**Exercise prompt**
All lines from the one containing "Oak structure, mattresses" to the end of the data below are to be returned exactly, both ends included, with nothing added.

-------

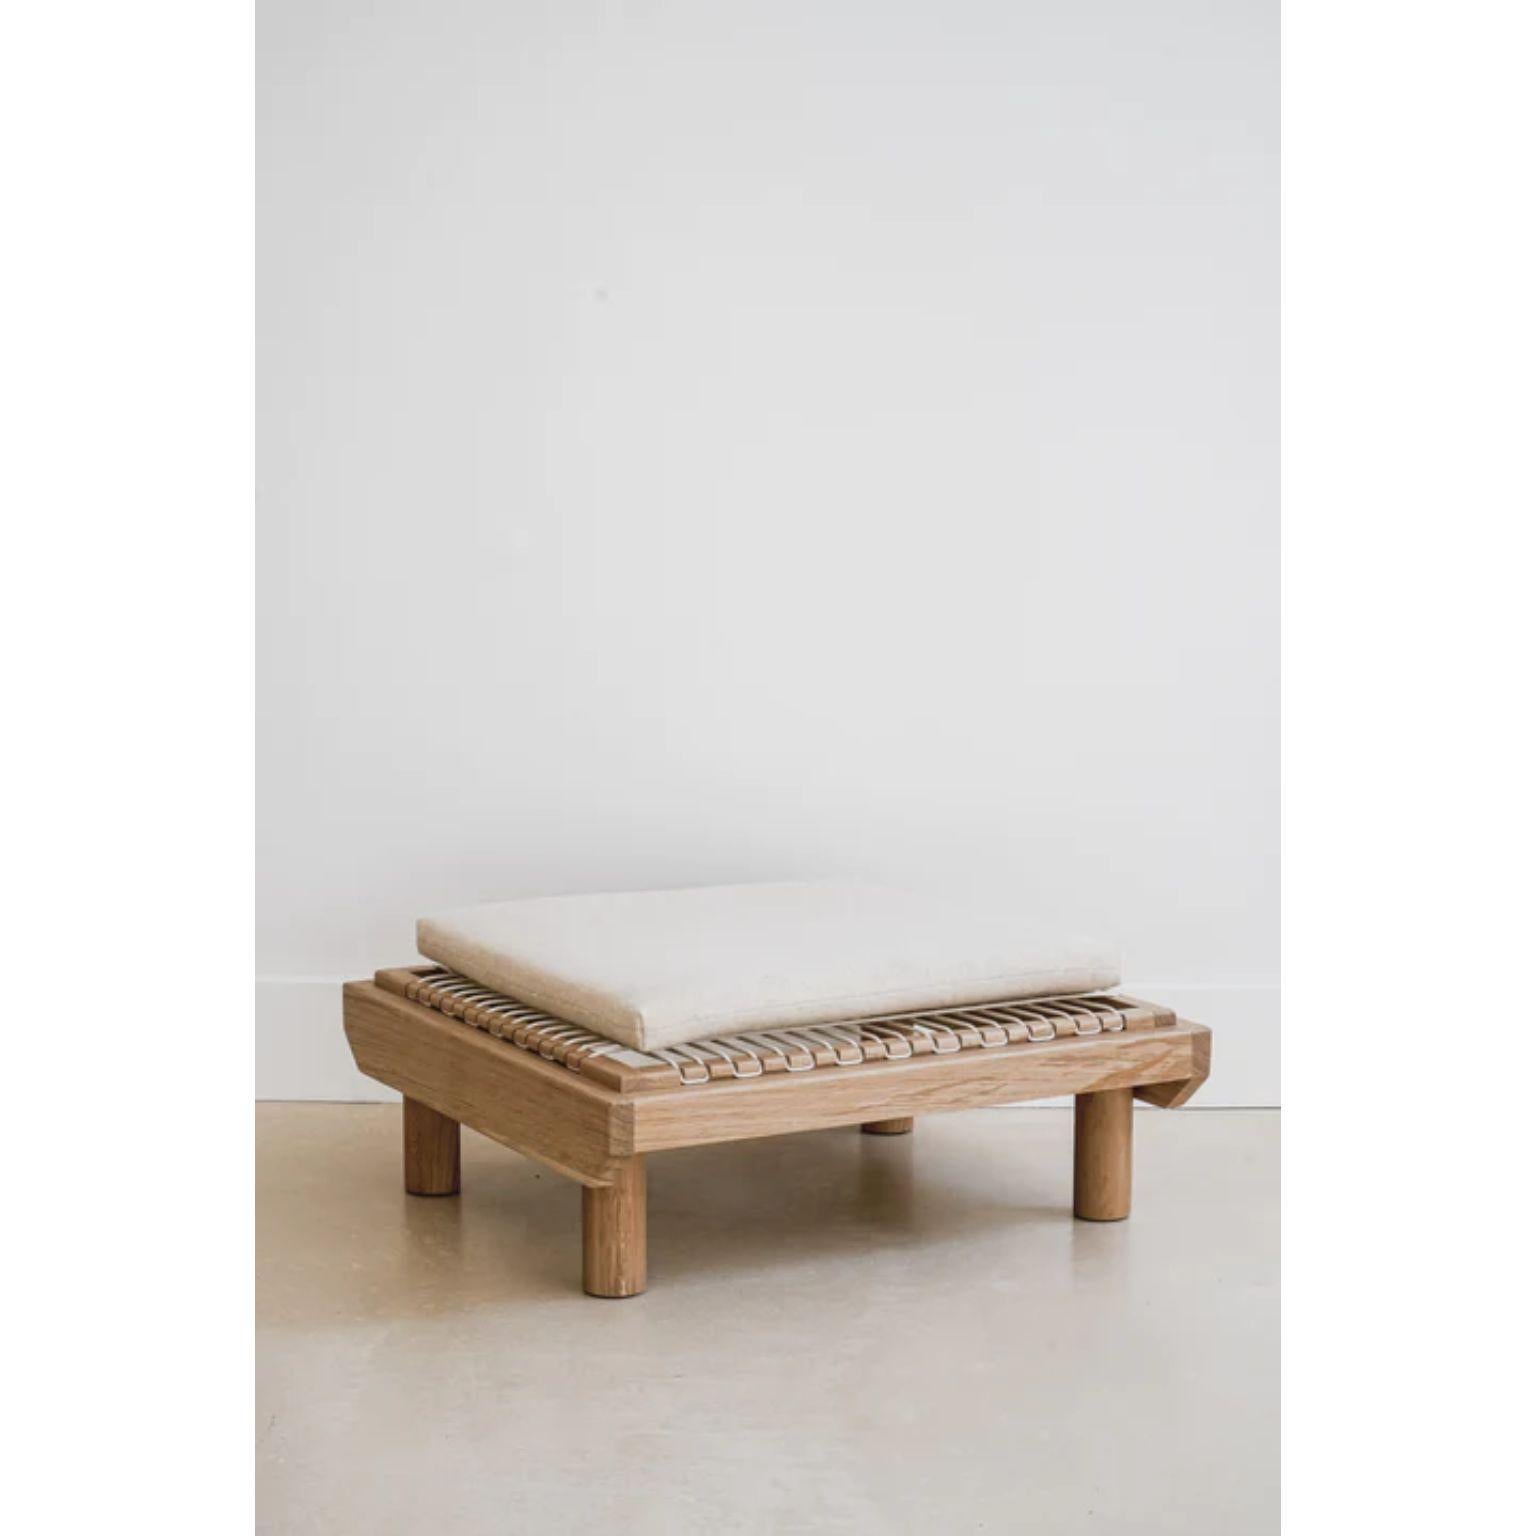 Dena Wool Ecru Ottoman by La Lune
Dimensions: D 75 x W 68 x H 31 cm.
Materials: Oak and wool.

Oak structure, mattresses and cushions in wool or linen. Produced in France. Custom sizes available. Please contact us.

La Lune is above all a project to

-------

**Exercise output**
Oak structure, mattresses and cushions in wool or linen. Produced in France. Custom sizes available. Please contact us.

La Lune is above all a project to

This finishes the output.